Sheriff Richard Hongisto wielded a sledgehammer to personally evict one of the tenants. Earlier, he had been held in contempt of court and sentenced to jail for 5 days for refusing to carry out the eviction order. Go figure! (photo by Terry Schmitt/Chronicle).

 

… by 1979 … after the eviction the hotel was demolished, seen here reduced to a street-level facade (photo by Nancy Wong). The Manilatown Kearny Street corridor would never be the same again.

… and Now, the corner site remained an empty parking lot for years; the developers withdrew while both sides of the conflict licked their wounds and bickered over what to do with it. In a final irony, a cross-cultural coalition received federal HUD funding to build a community center and 104-unit building for low-income seniors; it opened in 2005, 28 years after the eviction.

 

Chan Is Missing - Hotel St. Paul

Chan Hung resided at the Hotel St. Paul at 935 Kearny Street (map). Jo and Steve go there a number of times to try to find him but each time he was, er, missing.

Then … In this composited vertical panorama of Jo parked in front of the hotel note its art deco sign. Note too across Kearny the Chevron Chinatown service station with its Chinese styled buildings. The Sentinel Building, aka Columbus Tower, is partially visible on the left and on the right across Jackson Street from the gas station is the empty lot where the International Hotel used to be before being callously demolished in 1979, only months before this scene was filmed.

… and Now, the hotel is still there but has been renamed Hotel North Beach; how neat that the original art deco sign was retained. A modern extension of the Sentinel Building with commendable integral styling has replaced the gas station and across Jackson a new residential International Hotel opened in 2005 on the site of the old - a long-overdue salve on the wound caused by the City’s brutal overnight eviction of its elderly residents in 1977.

…. In 1960 … Stepping back in time a little more, here’s a 1960 photo of the Sentinel Building from FoundSF showing the gas station before its structure was orientalized, the original red-brick International Hotel and off to the right the Hotel St. Paul blade sign at the corner of Kearny and Pacific.

Trivia for Trekkies: in this 1986 scene from Star Trek - The last Voyage Home Kirk, Spock et al appeared at this same location. Note the blade sign partially visible above the Winchell’s sign. By then the International hotel had been demolished.

 

Then … As Steve exits the hotel you can see the name written on the overhead glass.

…. In 2007 … an archival Google Street View image from 2007 captured the same Kearny Street doorway when it was being remodeled as a window. The hotel still had its original name then.

… and Now, here it is today. Note the blade sign on the corner of the building - compare it to the original on the far right side of the 1960 image above; the name was simply changed at the top.

Around the corner on Pacific two ghost signs on the side of the hotel still display the original name.

 

Then … They return later. Note that the door is an in-swinging half-glass single door whereas the earlier exterior view of the main entrance (see the Then image above) shows an out-swinging all-glass double door.

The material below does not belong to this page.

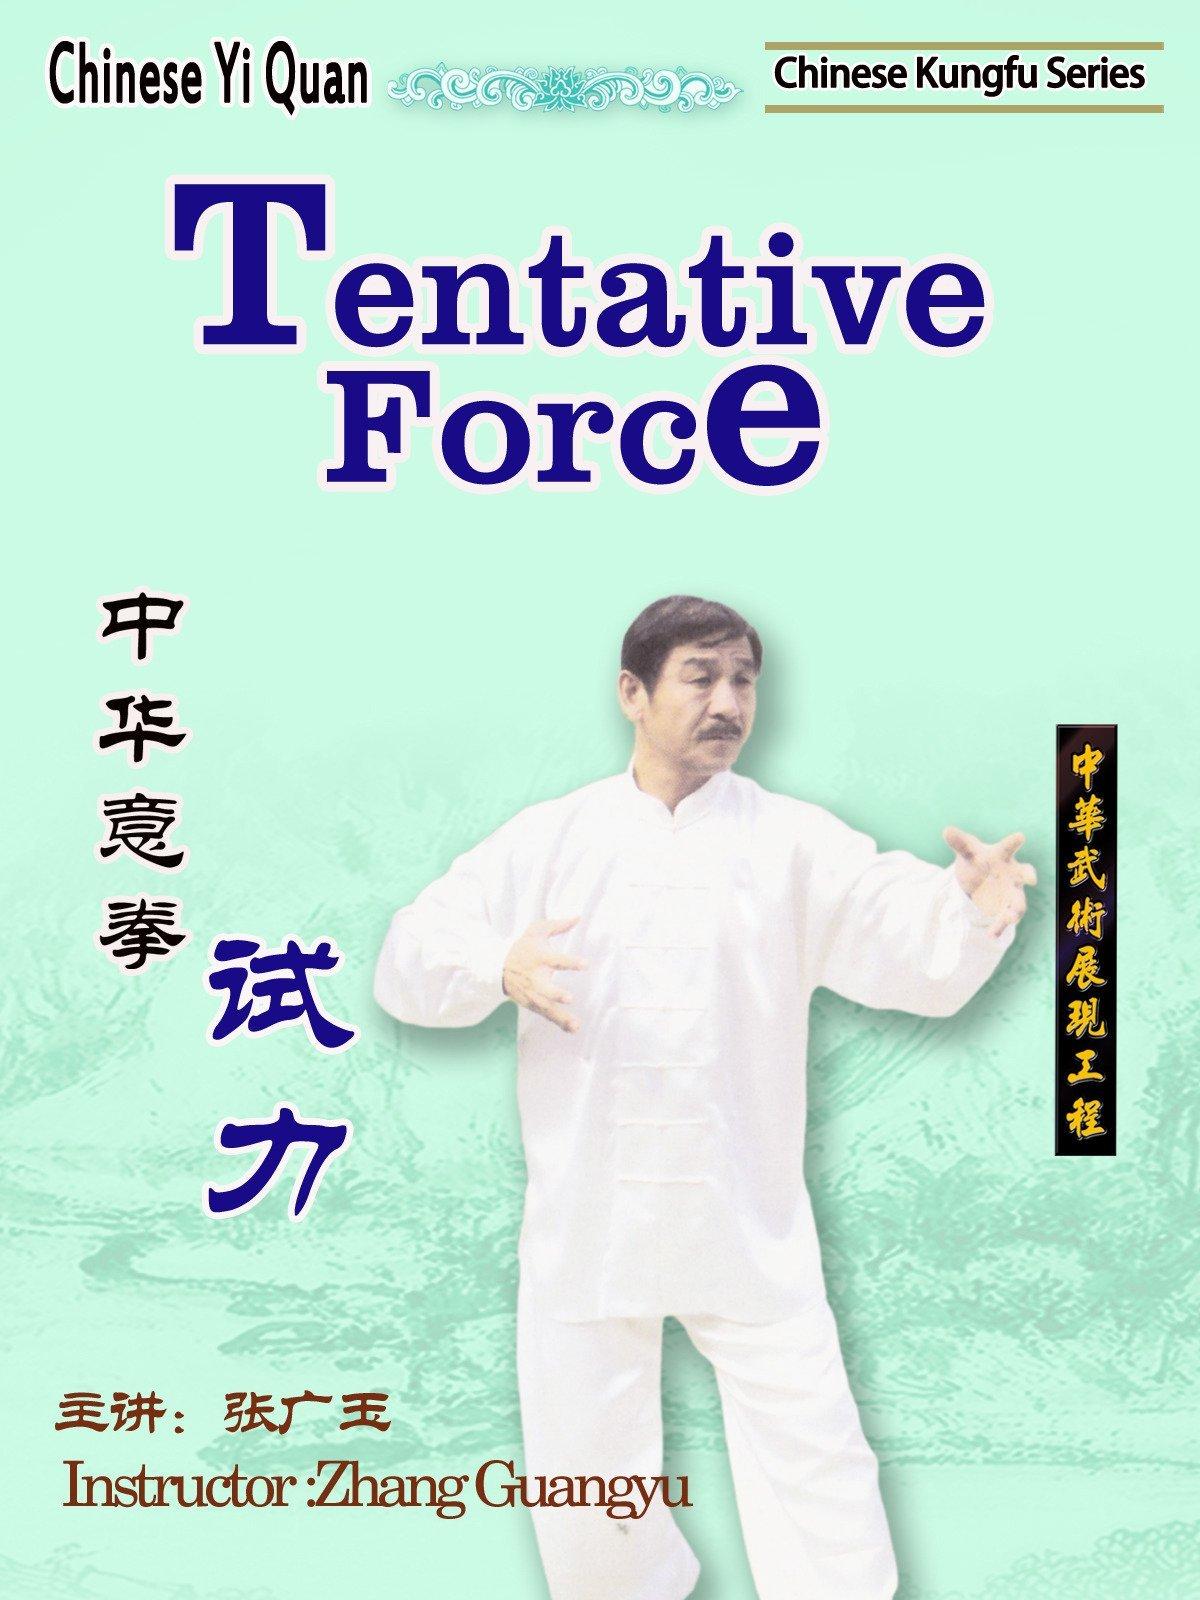 Chinese Yi Quan-Tentative Force(Instructor :Zhang Guangyu) on Amazon Prime Video UK

… and Now, director Wang has confirmed to CitySleuth that this staircase was filmed inside the Hotel St. Paul. The closest match that CitySleuth found at the hotel is the one below, looking down to the converted main entrance; the issue of the different doors is still unexplained.

 

They knock on Chan’s door but there’s no answer. CitySleuth recently walked the Hotel North Beach corridors; they had not been modernized but he found them not to match the styling in this movie shot. What’s more, a corridor junction next to an exterior window, as below, doesn’t exist there, suggesting that it was filmed elsewhere. Except director Wang recalls that it was indeed filmed in the St. Paul.